Der Cricrió (Lipaugus vociferans) ist vor allem im Amazonasgebiet anzutreffen und hat eine starke Präsenz, nicht wegen seines Aussehens, sondern wegen seines kräftigen Gesangs, der im ganzen Wald widerhallt. Der Vogel kommt auch im nördlichen Teil des Atlantischen Regenwaldes vor, wo es nur noch sehr wenig Wald gibt, weshalb er nur selten anzutreffen ist. Der Gesang des Cricrió ist so vertraut, dass er einer der bekanntesten Vögel Amazoniens ist und nicht umsonst mehrere volkstümliche Namen hat.
Einige davon sind: frifrió, capitão-da-mata, peito-de-aço, seringueiro, paquerador oder namorador (wegen seines Pfeifens) und trovão-irá („Donnervogel“ in der Sprache der Indios). Lange Zeit galt der Cricrió als der Vogel mit dem lautesten Gesang der Welt, der unglaubliche 116 Dezibel erreicht. Mario Cohn-Haft, Ornithologe und Forscher am Nationalen Institut für Amazonasforschung (INPA), erklärt, wie der Vogel diese Lautstärke erreichen kann.

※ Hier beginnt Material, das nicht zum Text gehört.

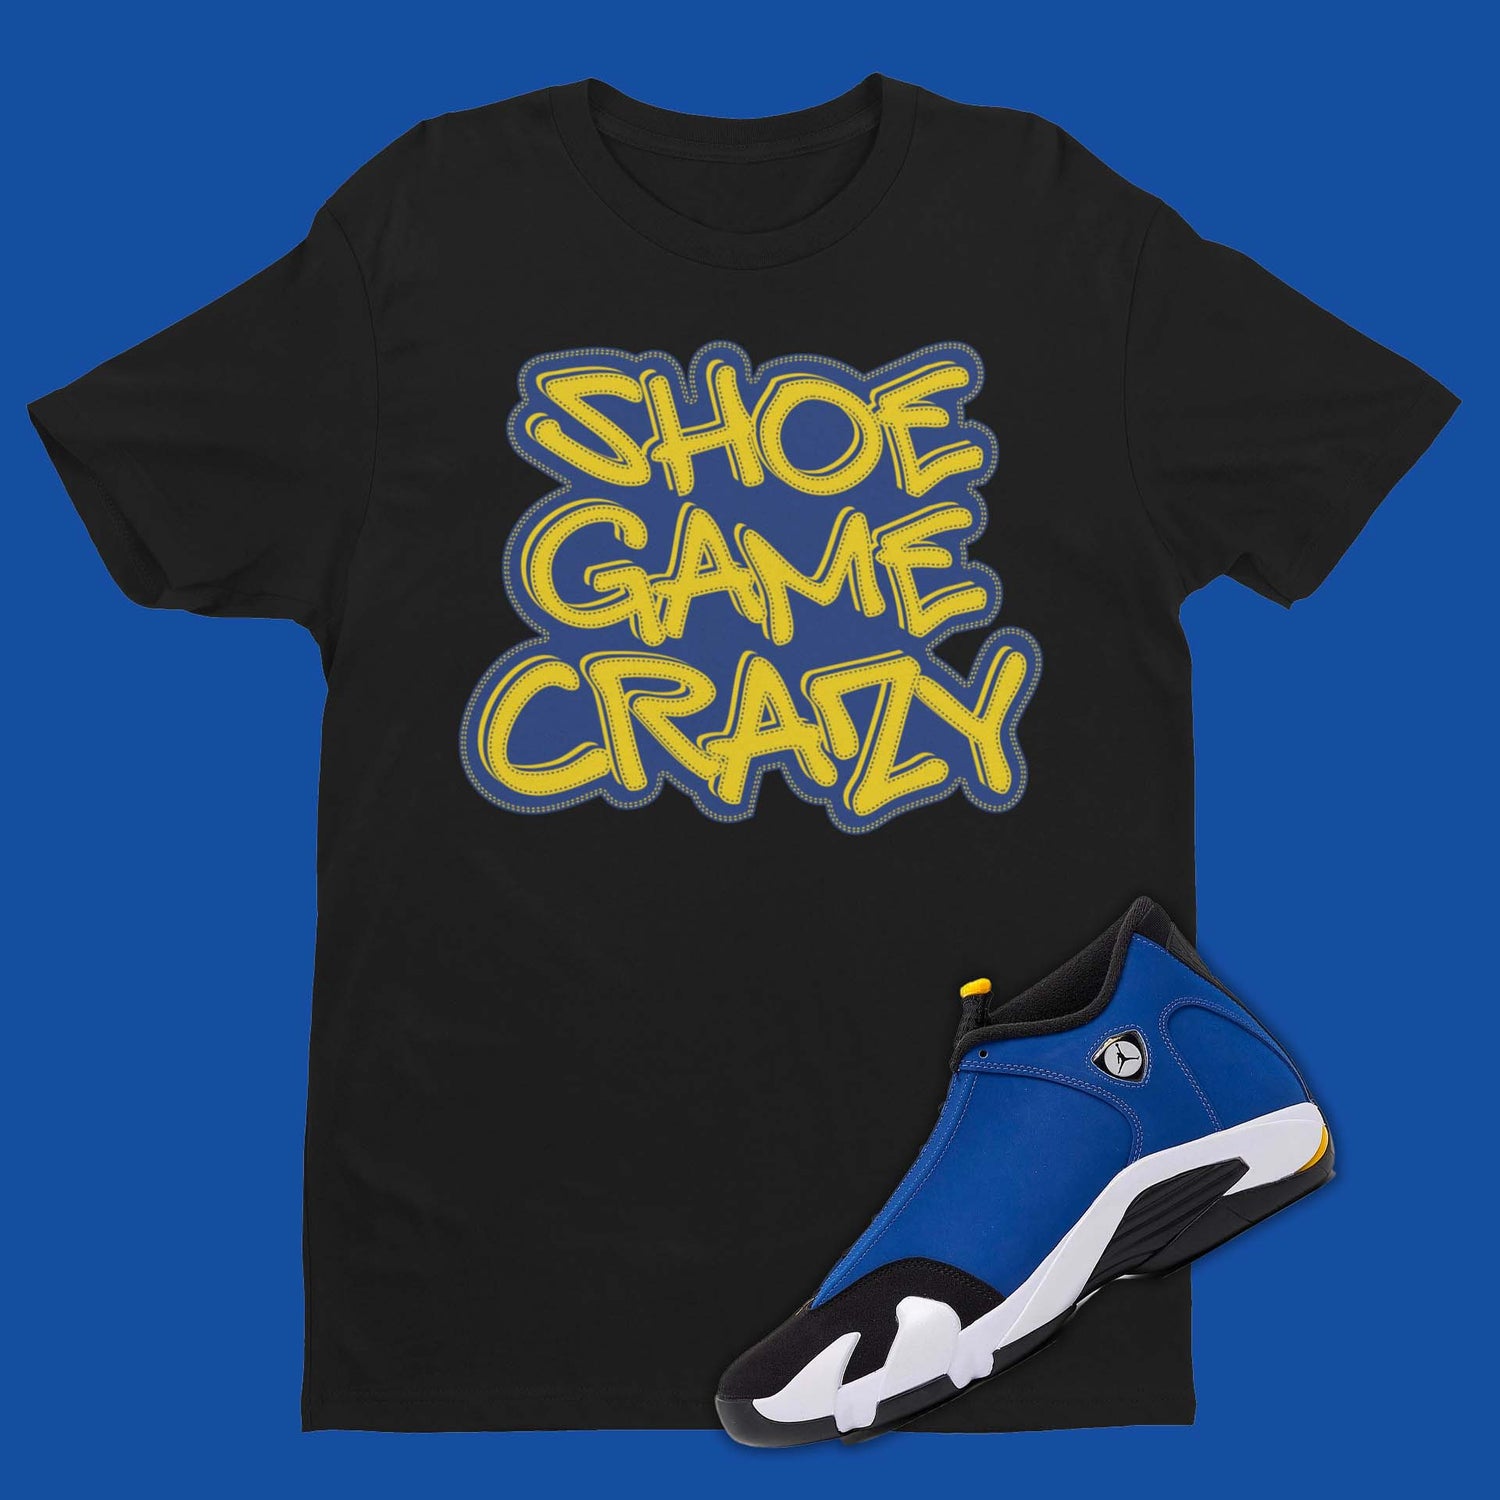 Shoe Game Crazy Shirt Matching Air Jordan 14 Laney in black for sneakerheads.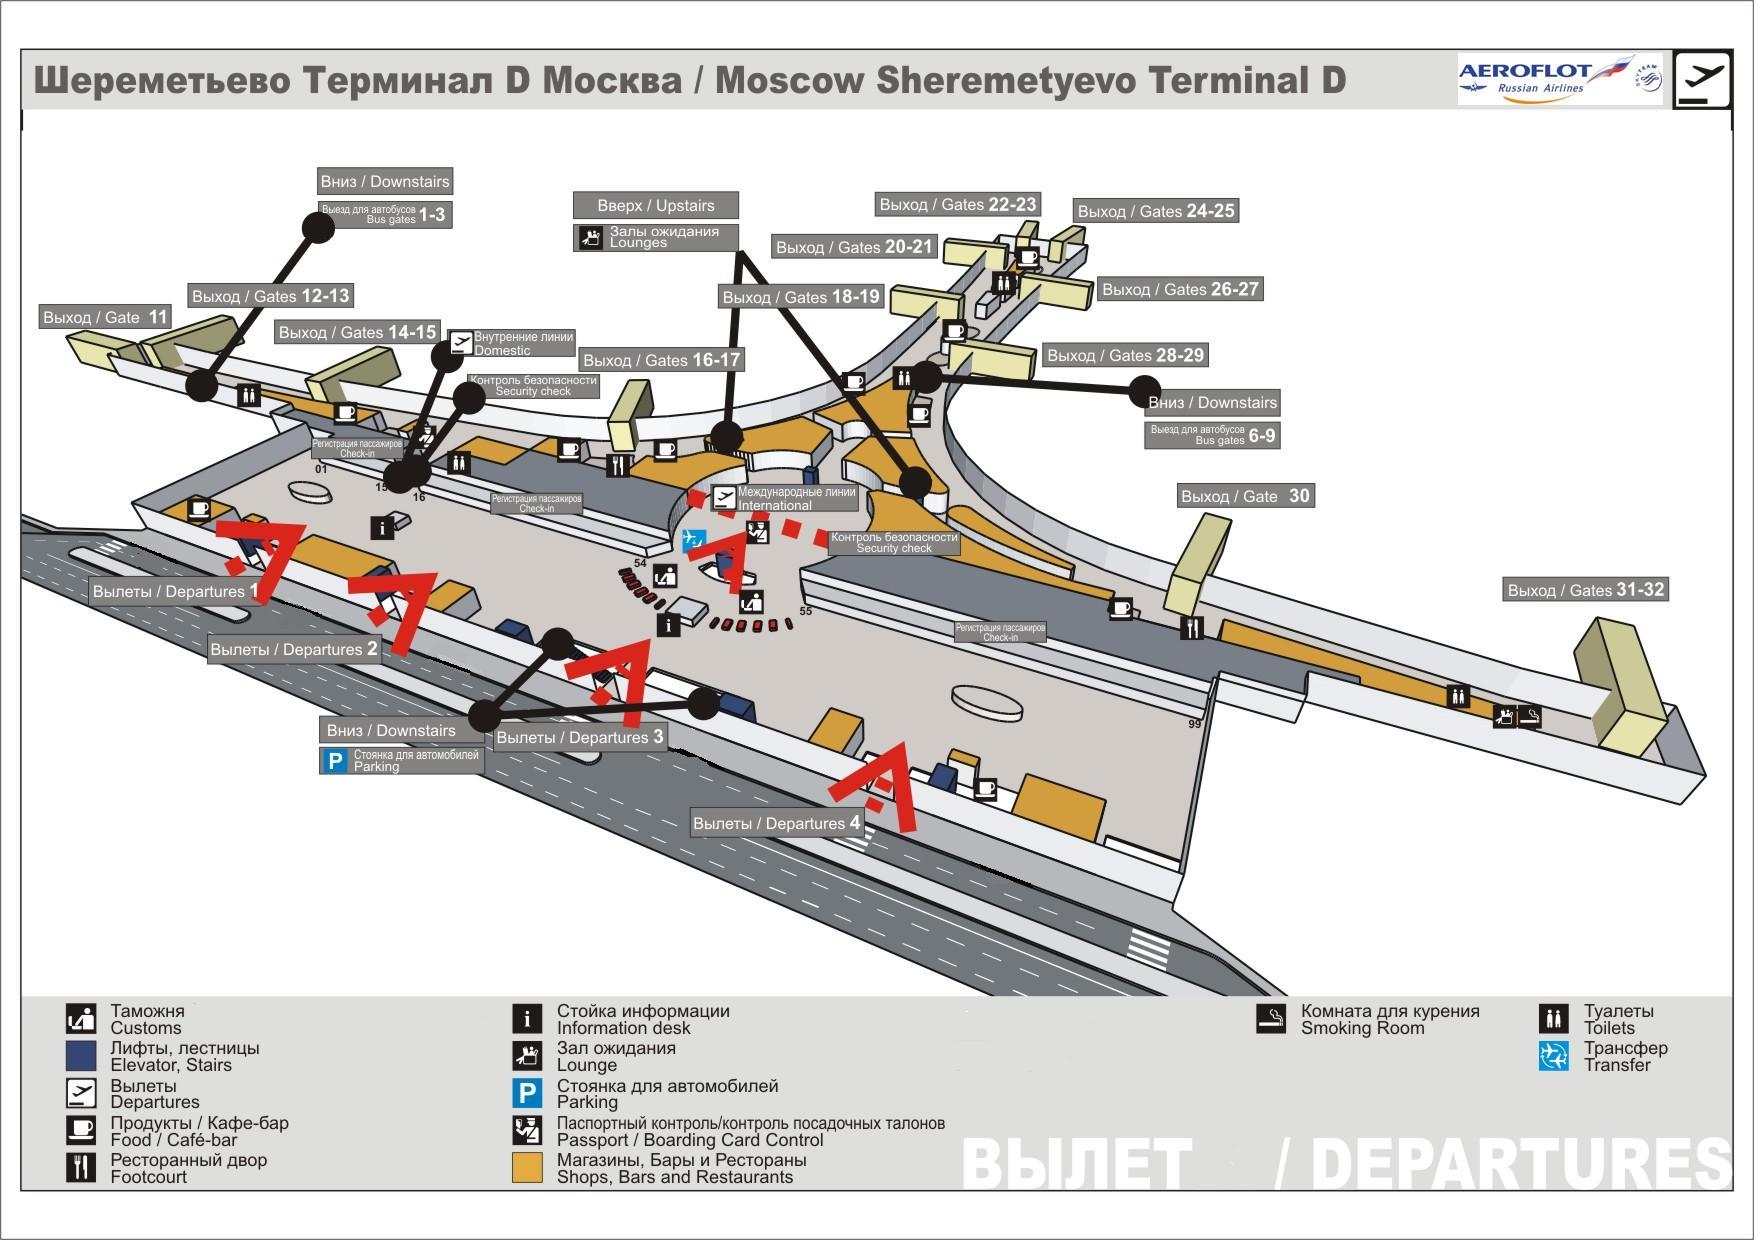 Аэропорт Шереметьево - общая схема парковок

„Vögel benutzen ihr eigenes Organ zur Erzeugung von Tönen, die Syrinx, die sich von Art zu Art stark unterscheidet. Wie das beim Cricrió genau funktioniert, wurde noch nie untersucht, aber es handelt sich sicherlich um eine Kombination aus der Struktur der Syrinx, der Muskulatur des Körpers und der Form und Öffnung des Schnabels“, erklärt er. „Ein singender Cricrió öffnet seinen Schnabel sehr weit und zieht seinen Kopf bei den höchsten und stärksten Tönen ein, wie ein Gewehr oder eine Kanone, die losgeht.
Er hat sicherlich einen speziell modifizierten Körper, um diesen Ton zu erzeugen“, fügt der Ornithologe hinzu. Gegenwärtig kann man sagen, dass der Cricrió den zweitlautesten Gesang aller Tiere hat, nach dem Amazonas-Arapong (Procnias albus), der einen Gesang von bis zu 125 Dezibel erzeugt. Zum Vergleich: Eine Unterhaltung in durchschnittlichem Tonfall erreicht 60 Dezibel, während der Lärm einer Bohrmaschine 100 Dezibel beträgt.
Nützlichkeit des Gesangs
Es wird allgemein angenommen, dass der Gesang eines jeden Vogels der Kommunikation zwischen den Arten dient. Bei dem Versuch, die Nützlichkeit des lauten Gesangs zu erklären, wurden einige Spekulationen angestellt. „Es scheint einigermaßen klar zu sein, dass die Lautstärke für den Vogel wichtig ist. Praktisch jedes sehr laute und plötzliche Geräusch im Wald – ein umstürzender Baum, Donner oder sogar ein Schrei oder Niesen – regt ihn normalerweise sofort zum Singen an“, erklärt Mario Conh-Half.
„Er scheint durch laute Geräusche dazu angeregt zu werden, noch lauter zu werden. Und die Männchen (die optisch nicht von den Weibchen zu unterscheiden sind, grau gefärbt und etwa so groß wie eine Drossel) kommen in Gruppen zusammen, die „leks“ genannt werden, wenn sie alle praktisch gleichzeitig singen, aber in kurzen Abständen.
Das alles lässt vermuten, dass sie zusammenkommen, um Weibchen anzulocken (die nicht singen), und dass sie männliche Anwärter anhand der Lautstärke ihres Gesangs einschätzen“, sagt der Ornithologe. Andere Vögel, wie z. B. Pipriden, nutzen den Tanz, um Weibchen anzulocken. Dies ist der Fall beim tanzenden Tangara, der sich zu diesem Zweck mit anderen Männchen zusammentut. Beim Cricrió wird vermutet, dass der sehr laute Schrei die gleiche Funktion hat wie der Tanz bei diesen anderen Arten.
Kurioses über die Art
Laut der Plattform Wikiaves fungiert der Vogel als Alarmgeber im Wald. Der volkstümliche Name capitão-do-mato ist eine Anspielung auf die Person, die für das Einfangen entlaufener Sklaven verantwortlich war, denn laut mündlicher Überlieferung (vor allem in der Region Ilhéus-Bahia) begannen die Cricriós zu singen, wenn die Schwarzen wegliefen und den Wald betraten, um sie aufzuspüren. Der Vogel ist zwischen 24 und 28 Zentimeter lang, wiegt zwischen 67,2 und 82,6 Gramm und ernährt sich hauptsächlich von Früchten und möglicherweise Insekten.